The sigmoidal equation developed by Taherian is presented by Equation (10).

$${\sigma }_c=\frac{a°{\sigma }_f}{c°+\exp \left(-\frac{x-r}{\cos \left(\theta \right)}\right)}$$

(10)

where $r$ is the roundness, ${\sigma }_f$ is the filler conductivity, $\cos \left(\theta \right)$ is the polymer wettability, $x$ is the volume fraction, and $c°$ is a constant. The polymer wettability is, given in Equation (11).

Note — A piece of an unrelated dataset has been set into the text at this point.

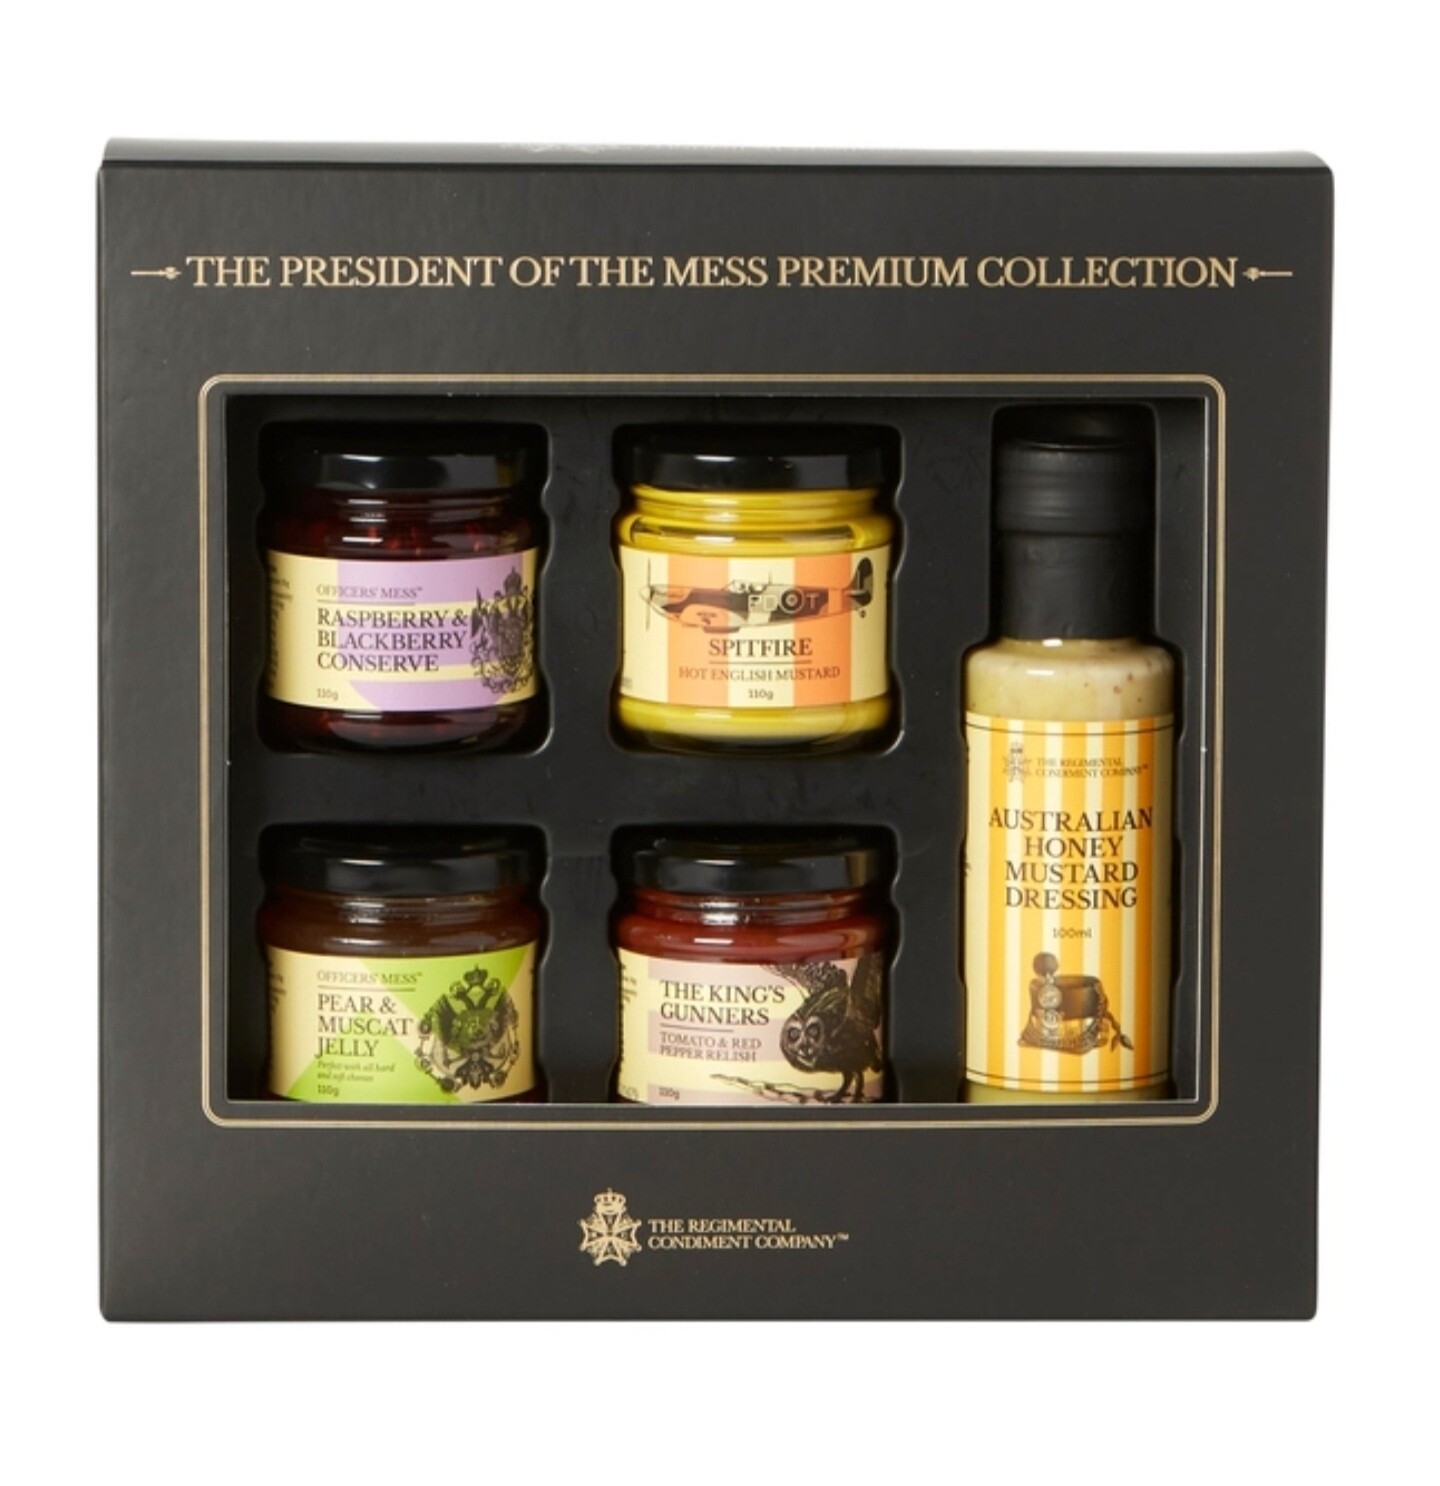 The Regimental Condiment Company The President of the Mess Premium Collection Gift Box 440g & 100ml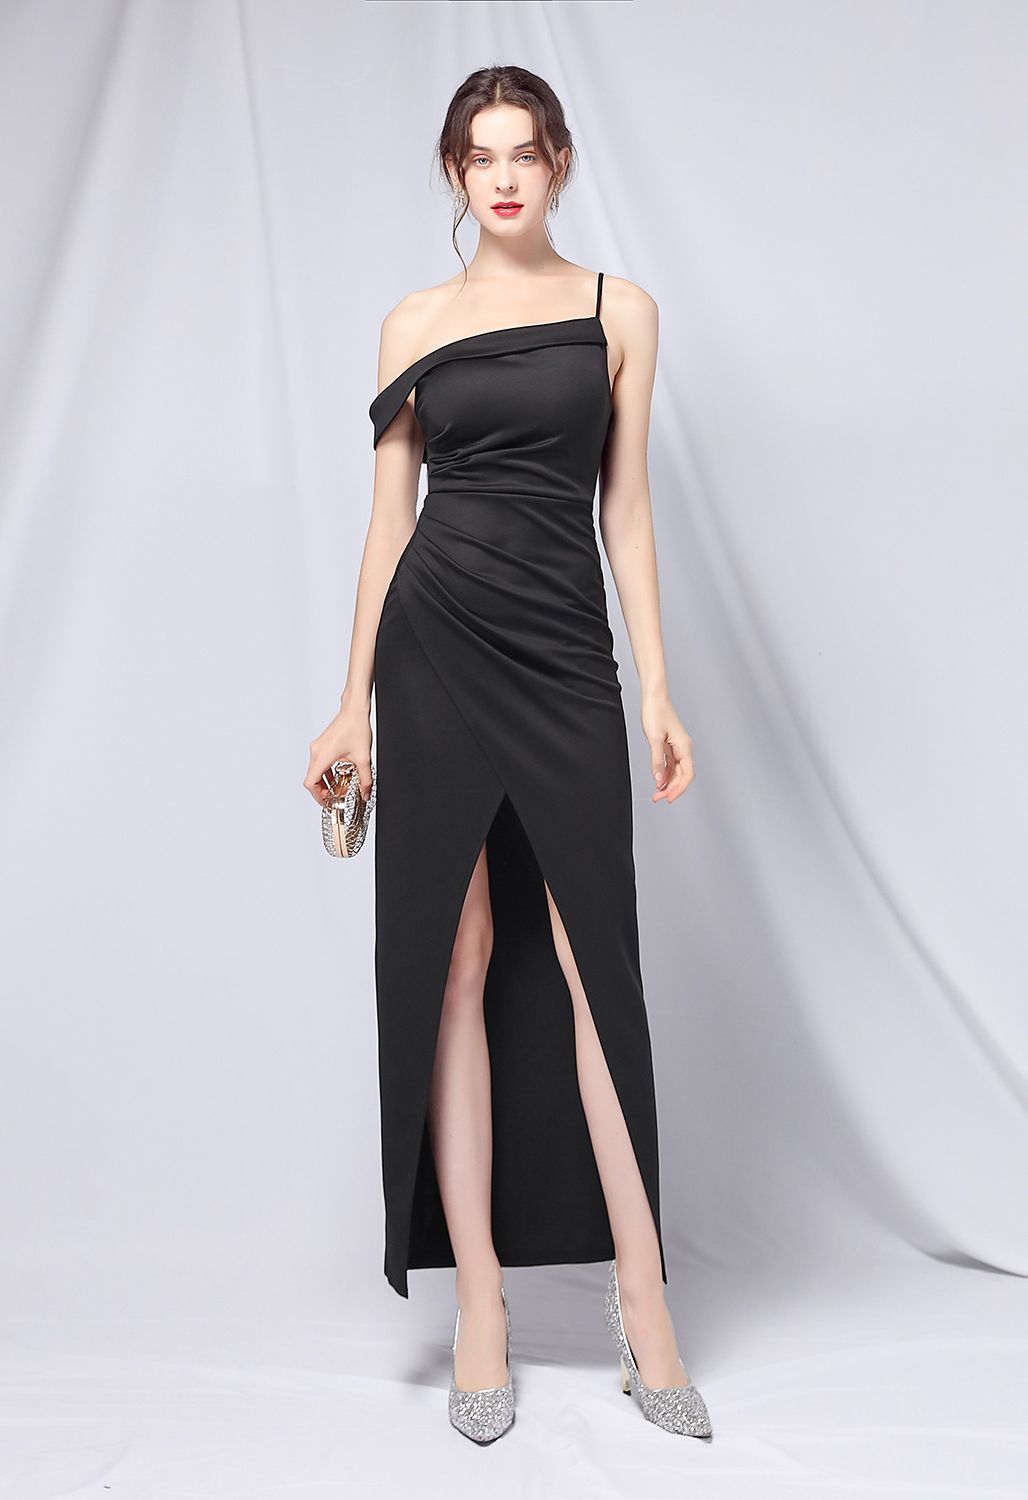 Single Strap Front Slit Gown in Black

$$\cos \left(\theta \right)=\frac{{\gamma }_s-{\gamma }_{sL}}{{\gamma }_L},{\gamma }_{sL}={\gamma }_s+{\gamma }_L-2{\left({\gamma }_s\times {\gamma }_L\right)}^{\frac{1}{2}}$$

(11)

Herein, $\gamma$ and $\theta$ are the surface energy of the polymer/filler and the wetting angle, the subscripts $s$ and $L$ represent the filler and matrix. For the polypyrrole and the carbon-materials considered in this study, surface energies of $36.18 \mathrm{mJ}/{\mathrm{m}}^2$ [40] and $24 \mathrm{mJ}/{\mathrm{m}}^2$ [31] were used to calculate the wetting angle; also used was a 0.995 graphene roundness [31]. By introducing a fifth term parameter, $\tau$, into the Taherian model, Equation (12) is developed to predict the electrical conductivity of the $\mathrm{HGPPy}.{\mathrm{CB}}_{20\%}$ composite. The importance of the filler growth rate is to have control over the shape of the model.

$${\sigma }_c=\frac{a°{\sigma }_f}{c°+\exp -\tau \left(\frac{x-r}{\cos \left(\theta \right)}\right)}=\frac{a°{\sigma }_f}{c°+{\exp }^{-b°\left(x-r\right)}}$$

(12)

where $b°= \tau /\cos \theta$.

3. Materials

The graphene nanoplatelets and $\mathrm{PPy}.{\mathrm{CB}}_{20\%}$ (code no: 530573-25G) were supplied by Sigma Aldrich, South Africa. The description of the graphene nanoplatelets by the supplier has a surface area of between 50 and 80 m²/g, bulk density of 0.03–0.1 g/cm³, a diameter of 5 μm, an average thickness of 15 nm, and <1% oxygen content. The PPy has a 20 wt.% loading of carbon black. Deionized water was used for the experiment.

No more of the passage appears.